### Task requirements
Retype the entries in full.

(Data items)
+ + + + +

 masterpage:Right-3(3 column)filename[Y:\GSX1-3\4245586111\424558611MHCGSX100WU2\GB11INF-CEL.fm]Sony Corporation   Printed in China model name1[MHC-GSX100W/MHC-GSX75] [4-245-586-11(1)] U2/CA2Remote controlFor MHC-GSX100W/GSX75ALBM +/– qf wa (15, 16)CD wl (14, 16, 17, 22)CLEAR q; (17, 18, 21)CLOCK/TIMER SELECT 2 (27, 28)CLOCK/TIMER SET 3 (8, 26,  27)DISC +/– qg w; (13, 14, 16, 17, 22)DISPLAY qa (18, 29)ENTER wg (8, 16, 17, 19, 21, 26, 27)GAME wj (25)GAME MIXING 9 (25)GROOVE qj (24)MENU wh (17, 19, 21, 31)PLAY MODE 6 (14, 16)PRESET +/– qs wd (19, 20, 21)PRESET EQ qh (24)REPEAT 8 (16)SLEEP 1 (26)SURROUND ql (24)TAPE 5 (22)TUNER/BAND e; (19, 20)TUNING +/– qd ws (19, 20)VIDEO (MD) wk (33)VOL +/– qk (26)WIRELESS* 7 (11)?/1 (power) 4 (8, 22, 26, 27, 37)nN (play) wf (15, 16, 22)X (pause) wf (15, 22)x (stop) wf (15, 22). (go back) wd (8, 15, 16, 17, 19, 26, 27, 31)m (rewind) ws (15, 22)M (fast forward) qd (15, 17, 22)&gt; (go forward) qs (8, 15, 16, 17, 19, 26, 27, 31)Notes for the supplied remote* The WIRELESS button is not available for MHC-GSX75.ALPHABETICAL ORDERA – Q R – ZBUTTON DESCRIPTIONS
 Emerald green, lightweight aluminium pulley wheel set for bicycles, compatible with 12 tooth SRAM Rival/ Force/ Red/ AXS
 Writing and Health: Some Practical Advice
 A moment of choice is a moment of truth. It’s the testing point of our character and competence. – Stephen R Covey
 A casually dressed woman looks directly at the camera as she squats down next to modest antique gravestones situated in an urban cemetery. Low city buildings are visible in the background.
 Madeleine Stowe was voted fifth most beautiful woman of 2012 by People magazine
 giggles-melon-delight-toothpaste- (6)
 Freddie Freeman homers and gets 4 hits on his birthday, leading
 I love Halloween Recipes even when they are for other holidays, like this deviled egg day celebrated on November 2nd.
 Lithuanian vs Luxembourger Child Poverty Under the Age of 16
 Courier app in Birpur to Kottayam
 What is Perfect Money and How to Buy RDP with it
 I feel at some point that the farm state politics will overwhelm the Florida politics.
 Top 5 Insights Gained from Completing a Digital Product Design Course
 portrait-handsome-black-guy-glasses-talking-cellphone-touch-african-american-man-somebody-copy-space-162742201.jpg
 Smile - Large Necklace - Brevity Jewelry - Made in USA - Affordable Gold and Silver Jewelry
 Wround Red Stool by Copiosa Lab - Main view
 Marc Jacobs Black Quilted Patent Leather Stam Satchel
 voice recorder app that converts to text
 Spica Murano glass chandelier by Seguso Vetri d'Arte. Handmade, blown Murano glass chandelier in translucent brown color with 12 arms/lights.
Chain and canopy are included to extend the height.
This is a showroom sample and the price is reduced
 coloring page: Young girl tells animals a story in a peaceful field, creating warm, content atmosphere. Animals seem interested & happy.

+ + + + +

### Answer to this exercise
 masterpage:Right-3(3 column)filename[Y:\GSX1-3\4245586111\424558611MHCGSX100WU2\GB11INF-CEL.fm]Sony Corporation   Printed in China model name1[MHC-GSX100W/MHC-GSX75] [4-245-586-11(1)] U2/CA2Remote controlFor MHC-GSX100W/GSX75ALBM +/– qf wa (15, 16)CD wl (14, 16, 17, 22)CLEAR q; (17, 18, 21)CLOCK/TIMER SELECT 2 (27, 28)CLOCK/TIMER SET 3 (8, 26,  27)DISC +/– qg w; (13, 14, 16, 17, 22)DISPLAY qa (18, 29)ENTER wg (8, 16, 17, 19, 21, 26, 27)GAME wj (25)GAME MIXING 9 (25)GROOVE qj (24)MENU wh (17, 19, 21, 31)PLAY MODE 6 (14, 16)PRESET +/– qs wd (19, 20, 21)PRESET EQ qh (24)REPEAT 8 (16)SLEEP 1 (26)SURROUND ql (24)TAPE 5 (22)TUNER/BAND e; (19, 20)TUNING +/– qd ws (19, 20)VIDEO (MD) wk (33)VOL +/– qk (26)WIRELESS* 7 (11)?/1 (power) 4 (8, 22, 26, 27, 37)nN (play) wf (15, 16, 22)X (pause) wf (15, 22)x (stop) wf (15, 22). (go back) wd (8, 15, 16, 17, 19, 26, 27, 31)m (rewind) ws (15, 22)M (fast forward) qd (15, 17, 22)&gt; (go forward) qs (8, 15, 16, 17, 19, 26, 27, 31)Notes for the supplied remote* The WIRELESS button is not available for MHC-GSX75.ALPHABETICAL ORDERA – Q R – ZBUTTON DESCRIPTIONS
 Emerald green, lightweight aluminium pulley wheel set for bicycles, compatible with 12 tooth SRAM Rival/ Force/ Red/ AXS
 Writing and Health: Some Practical Advice
 A moment of choice is a moment of truth. It’s the testing point of our character and competence. – Stephen R Covey
 A casually dressed woman looks directly at the camera as she squats down next to modest antique gravestones situated in an urban cemetery. Low city buildings are visible in the background.
 Madeleine Stowe was voted fifth most beautiful woman of 2012 by People magazine
 giggles-melon-delight-toothpaste- (6)
 Freddie Freeman homers and gets 4 hits on his birthday, leading
 I love Halloween Recipes even when they are for other holidays, like this deviled egg day celebrated on November 2nd.
 Lithuanian vs Luxembourger Child Poverty Under the Age of 16
 Courier app in Birpur to Kottayam
 What is Perfect Money and How to Buy RDP with it
 I feel at some point that the farm state politics will overwhelm the Florida politics.
 Top 5 Insights Gained from Completing a Digital Product Design Course
 portrait-handsome-black-guy-glasses-talking-cellphone-touch-african-american-man-somebody-copy-space-162742201.jpg
 Smile - Large Necklace - Brevity Jewelry - Made in USA - Affordable Gold and Silver Jewelry
 Wround Red Stool by Copiosa Lab - Main view
 Marc Jacobs Black Quilted Patent Leather Stam Satchel
 voice recorder app that converts to text
 Spica Murano glass chandelier by Seguso Vetri d'Arte. Handmade, blown Murano glass chandelier in translucent brown color with 12 arms/lights.
Chain and canopy are included to extend the height.
This is a showroom sample and the price is reduced
 coloring page: Young girl tells animals a story in a peaceful field, creating warm, content atmosphere. Animals seem interested & happy.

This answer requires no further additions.